E lá veio o frio, a troca de guarda-roupa (caixa acima, caixa abaixo, desarruma roupeiro, arruma roupeiro), o nariz a fungar, a roupa vestida em estilo cebola (às camadas), o desenferrujar dos aquecedores, cagar o porta-bagagens do carro com lenha, comprar laranjas para reforçar os níveis de vitamina C no organismo, o sexo com toneladas de cobertores por cima (isto quando a vontade simplesmente não esmorece com o tempo que demora a despir a roupa para "lá" chegar), os palavrões logo ao amanhecer quando o frio envolve o primeiro pé a sair da cama, o suplício da higiene diária em pêlo, o ridículo de conduzir de luvas, o nariz ferido de tanto se assoar, os pés ensopados de chuva, ninguém na rua, o Sol sempre atrás das nuvens (é por isso que elas tanto "choram" não é?), as noites que duram mais ou os dias que duram menos, o frio, o frio, o frio...

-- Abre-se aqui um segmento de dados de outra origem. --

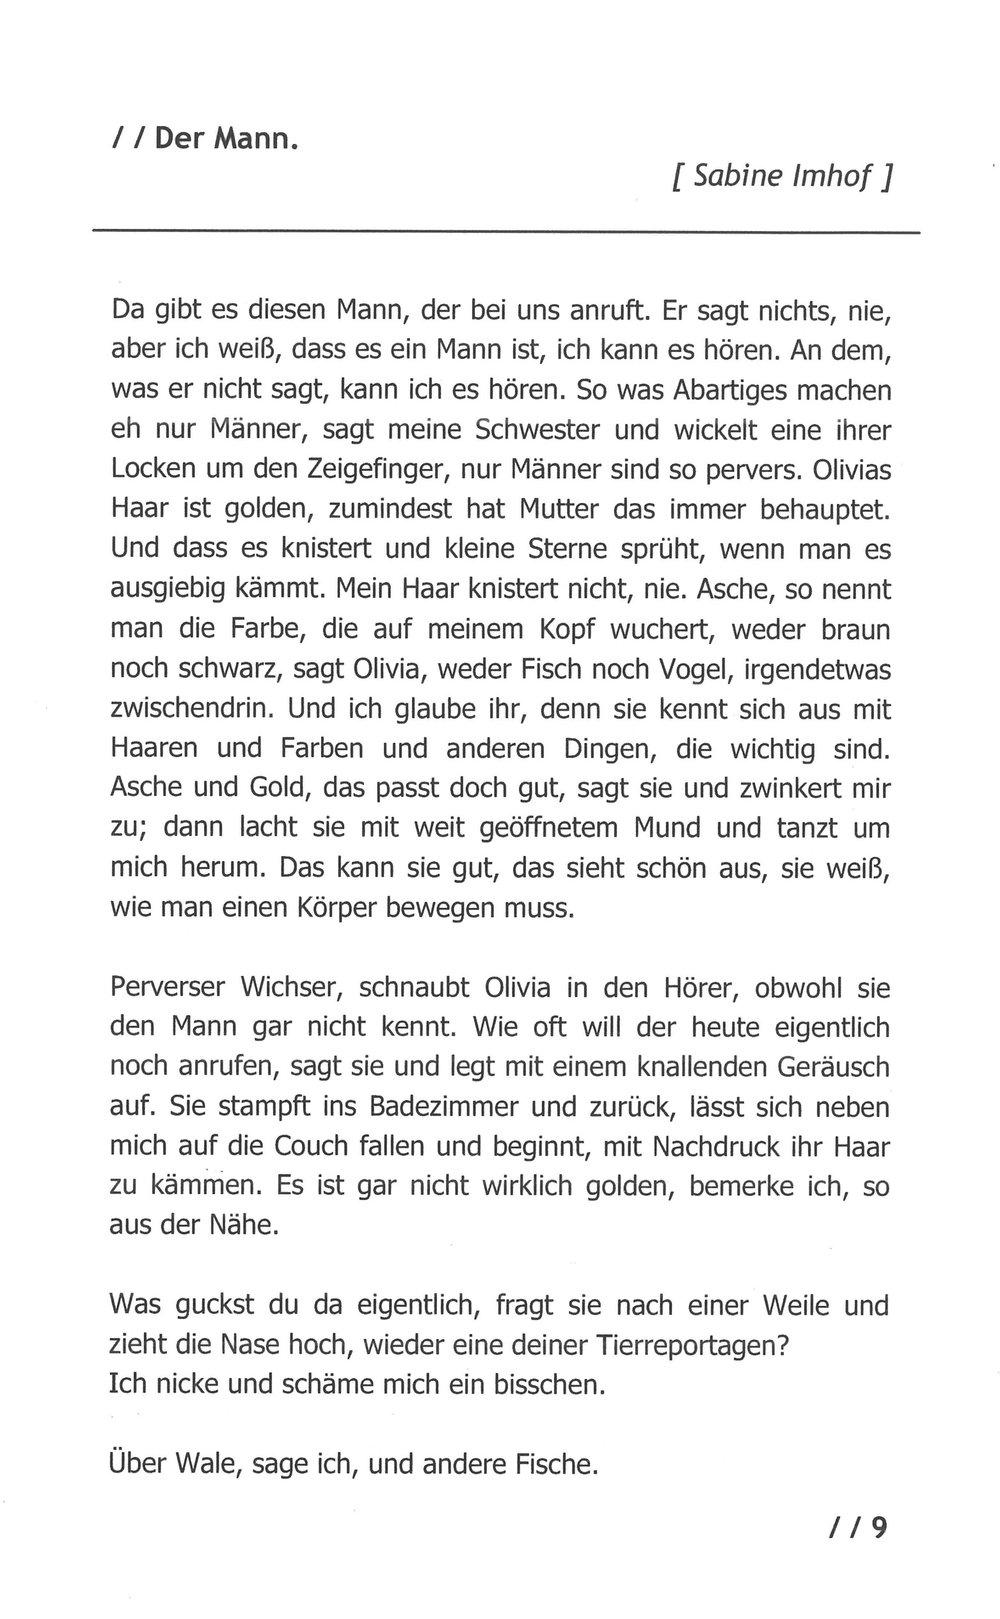 Sprachrausch_1:8_mini.jpg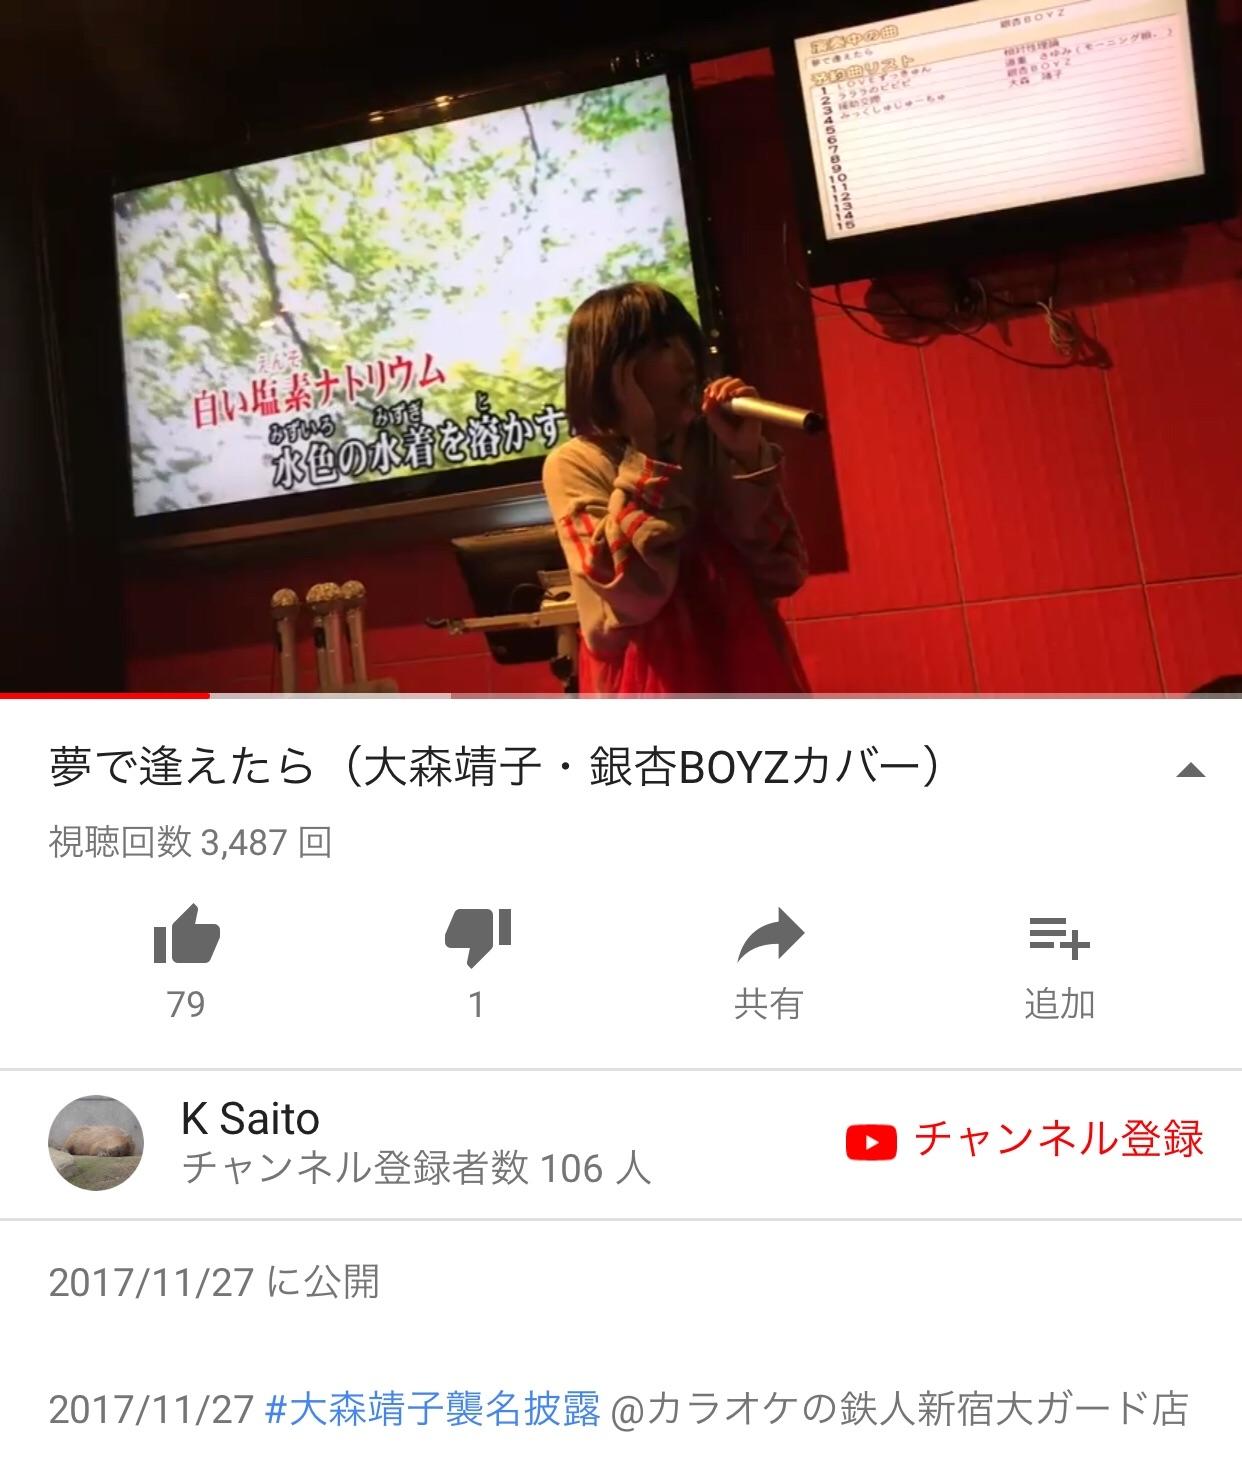 f:id:mushimushi06:20171216231202j:image

Só espero que volte a nevar em Alcongosta!
Bruno

quinta-feira, outubro 07, 2004

Re Definições


Peço emprestado o título do último album dos Da Weasel, não porque o tenha ouvido e gostado muito mas simplesmente porque o conceito vem a calhar para explicar umas coisinhas. Este singelo blog foi criado numa altura em que a maioria dos seus fundadores ainda morava em Lisboa. Por razões que cada um deles poderá explicar em causa própria, se assim o entender, deixaram de morar na Grande Alface. Eu fui um deles... mas agora também não quero explicar nada.
Ora, psicologias de algibeira à parte - que eu hoje estou mais inclinado para o pensamento rasteiro e para o discurso fácil -, parece-me que se coloca um interessante problema de identidade a este blog: diários de lisboa escritos por quem (já) não mora em Lisboa? Exacto, é assim mesmo que vai ser. Não se fala mais nisso. Adiante...
Ele existe, o blog. Está aqui mesmo à mãozinha de semear e podemos escrever nele o que bem nos apetecer. Portanto, ponto dois da agenda "Como aproveitar a disponibilidade deste blog?" fica assim convenientemente debatido e encerrado.
O ponto três, até pela estética cabalística do número, apresenta um labirinto mais intricado: "O que escrever?" A conclusão a que cheguei é digna de um grão-mestre taberneiro: o que nos aprouver!
Finalmente, já em jeito de adenda, a todos vós, leitores, digo que não precisam de vir cá todos os dias.
Salvem o gorgulho da Alface!
Bruno

quarta-feira, outubro 06, 2004

janela

um dia qualquer visto da minha janela de Alcongosta
(e andei a aprender como se "postam" fotos nossas nos blogs)
Bruno

Lisboa com amigos e muito gelo


Aprendi a gostar de Lisboa à distância. Nestes quase três anos (já passou assim tanto tempo?!) a viver no Fundão, as idas à capital assumem uma importância quase terapêutica: lá reside quase tudo o que me vai na memória. Essa impressão digital que Lisboa deixou na minha cabeça - apercebo-me agora – é um mapa de sensações. E eu, que só lá vou para olhar, descubro a limpidez de tudo. Não é um exercício demasiado racional, nem é excessivamente poético. É, acima de tudo, pessoal. Conhecer a geografia de uma cidade como Lisboa de olhos fechados implica que foi nela que crescemos e que lá continuam penduradas entre os prédios as várias peles que despimos. Até mesmo a vontade de lhe virar costas e regressar furtivamente como um amante burlesco tem qualquer coisa de passional, de deliciosamente indefinido.
alargo os braços de uma margem à outra numa ponte em hora de ponta com o pôr-do-sol infectado pelas cores dos escapes em fumo. este é o meu postal urbano sem palmeiras no horizonte
As pessoas. As pessoas que emergem das ruas e das portas dos bares à noite, principalmente se forem amigos. Diluímos a conversa no gelo dos whiskies, refrescamos os sorrisos, soletramos os nomes uns dos outros. Lisboa é o ponto nevrálgico da minha empatia e o que fica das noitadas, da música, dos cigarros, dos copos é a alquimia do afecto. No dia seguinte estala-me a cabeça com a ressaca da distância.